The Aluminium Association of India (AAI), the apex body representing the top aluminium producers within India, has submitted its pre-budget representation to the Department for Promotion of Industry and Internal Trade under the Ministry of Commerce.
As per industry estimates, India’s per capita consumption of aluminium is still around 3 kg per annum, compared to the global average of 12 kg.
However, the sector is facing major challenges in attracting fresh investments, despite domestic demand for aluminium set to reach 10 MTPA by 2030.
So far, the Indian aluminium industry has invested over INR 1.5 lakh crore, or $20 Bn, to expand production capacity to 4.2 MTPA to meet the growing demand.
However, a further investment of 3 lakh crores ($40 billion) over the next 6 years will be needed to meet the expected demand of 10 MTPA, while also creating more jobs within India.
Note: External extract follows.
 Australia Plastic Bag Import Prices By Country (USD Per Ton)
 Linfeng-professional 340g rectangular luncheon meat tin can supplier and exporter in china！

According to industry members the primary reason for the surge in imports is the low import duties on primary/downstream products and a prevalent duty difference between primary goods & scrap in aluminium.
This is unlike other key non-ferrous metals, where the duty for scrap and primary is at par. The AAI has therefore requested the Central Government to increase the import duty on primary/downstream products to 10% from the existing 7.5%.
Additionally, to control cheap imports, the duty on aluminium scrap also needs to be set at 7.5%, at par with other aluminium products. AAI further informed that the industry incurs around 17% of its cost of production in taxes, levies, and regulatory charges.